Danilo Negrão, um tenente da Polícia Militar, faleceu em setembro de 2023, aos 41 anos, deixando Raquel e uma filha. A viúva revelou, em vídeo divulgado nas redes sociais, a intensidade das cobranças que se seguiram, provenientes de diversos credores, enquanto ela ainda enfrentava a perda. “Eu vivi um inferno, porque não tive tempo de sofrer o luto. Muita gente próxima veio e falou: ‘O Danilo deixou uma dívida comigo, eu queria ver como é que você vai fazer para pagar’. Muita gente veio me cobrar, alguns me levaram à Justiça”, desabafou Raquel.

Vício em Bets: Viúva de Policial Relata Drama Pós-Morte

O real montante e a dimensão das obrigações financeiras somente foram revelados a Raquel após o falecimento do esposo. Ela explicou que o policial buscou empréstimos junto a bancos, amigos e agiotas, registrando todos os valores em uma planilha pessoal. Segundo Raquel, a conduta íntegra de Danilo fez com que muitas pessoas confiassem e emprestassem dinheiro, sem suspeitar do que ele estava vivenciando. “Todos emprestavam, porque ele era muito honesto, então ninguém imaginava o que ele estava passando”, detalhou. Atualmente, quase três anos após a tragédia, a família ainda sente os reflexos financeiros do **vício em bets**. Processos judiciais em andamento impossibilitam a venda da residência familiar, e Raquel Maria continua residindo no imóvel onde o evento trágico ocorreu.

A enfermeira Raquel Maria elucidou que a jornada do marido nas apostas esportivas começou durante a Copa do Mundo de 2022. Inicialmente, Danilo obteve alguns ganhos, mas rapidamente mergulhou em perdas financeiras significativas. Após um prejuízo expressivo ocorrido na partida que eliminou o Brasil contra a Croácia, a família tentou intervir, aconselhando o policial a procurar apoio profissional para o tratamento da ludopatia.

Contrariando as expectativas da família, Danilo mentia sobre o comparecimento às consultas e não revelava o vício aos médicos, impossibilitando um diagnóstico adequado e, consequentemente, um tratamento eficaz. “Ele mentia que estava fazendo as terapias”, afirmou a viúva, lamentando a falta de acesso a um suporte real para o marido.

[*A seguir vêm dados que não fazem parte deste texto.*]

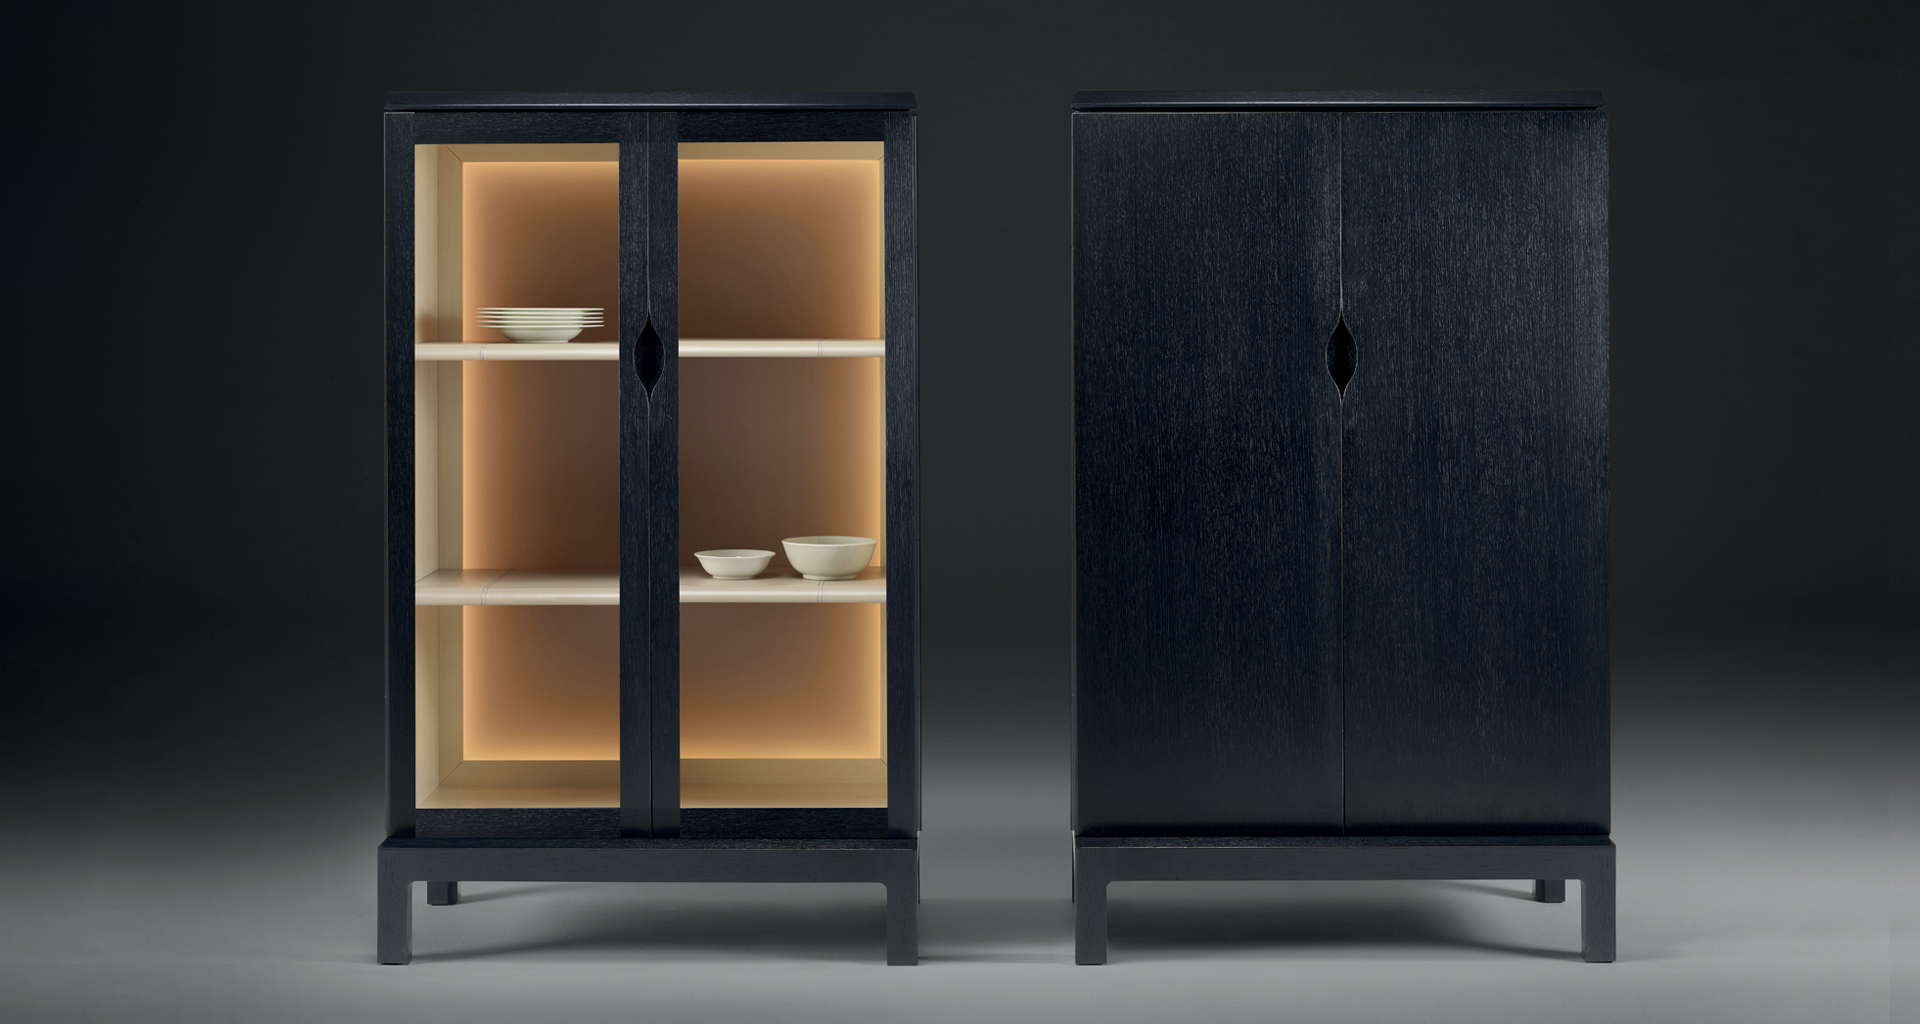 Laos is a wooden cabinet with a recessed handle and wooden or glass doors from Promemoria's Indigo Tales collection | Promemoria

Com o avanço da dependência, a situação financeira familiar deteriorou-se consideravelmente. Raquel começou a se responsabilizar por todas as despesas da casa, que passaram a acumular atrasos, enquanto Danilo contraía mais dívidas para alimentar o vício em apostas. A pressão teve um impacto severo na saúde emocional da viúva. “Eu comecei a ficar doente emocionalmente por causa disso. Tive uma alergia no corpo. Ele pegando dinheiro emprestado e apostando. E as contas da casa ficaram todas para mim”, declarou ela, descrevendo o colapso gradual da estabilidade familiar.

A decisão de compartilhar sua dolorosa experiência não é apenas uma forma de expor a realidade do **vício em bets**, mas principalmente um alerta para outras pessoas que possam estar enredadas nessa mesma armadilha. A mensagem de Raquel Maria é incisiva: “Não joguem. Não joguem pouco, não joguem muito, não joguem nada. Esse jogo não vai te levar para lugar nenhum”, enfatiza, com o objetivo de conscientizar sobre os perigos da ludopatia.

Em busca de mitigar os danos do jogo compulsivo, a legislação brasileira tem avançado. Desde 2025, plataformas de apostas devidamente legalizadas, que possuem autorização do Ministério da Fazenda para operar no país, são obrigadas a disponibilizar ferramentas de autoexclusão. Estas permitem que o próprio apostador bloqueie seu acesso aos jogos, medida ausente em sites clandestinos. Adicionalmente, em dezembro do ano passado, o Ministério da Fazenda implementou a Plataforma Centralizada de Autoexclusão, que possibilita o bloqueio do CPF em múltiplas plataformas de apostas. Para aqueles que buscam auxílio e informações sobre como lidar com problemas relacionados a jogos de azar, o Ministério da Saúde disponibiliza um Guia de Cuidado específico para Pessoas com Problemas Relacionados a Jogos de Apostas, uma ferramenta crucial no enfrentamento dessa complexa condição.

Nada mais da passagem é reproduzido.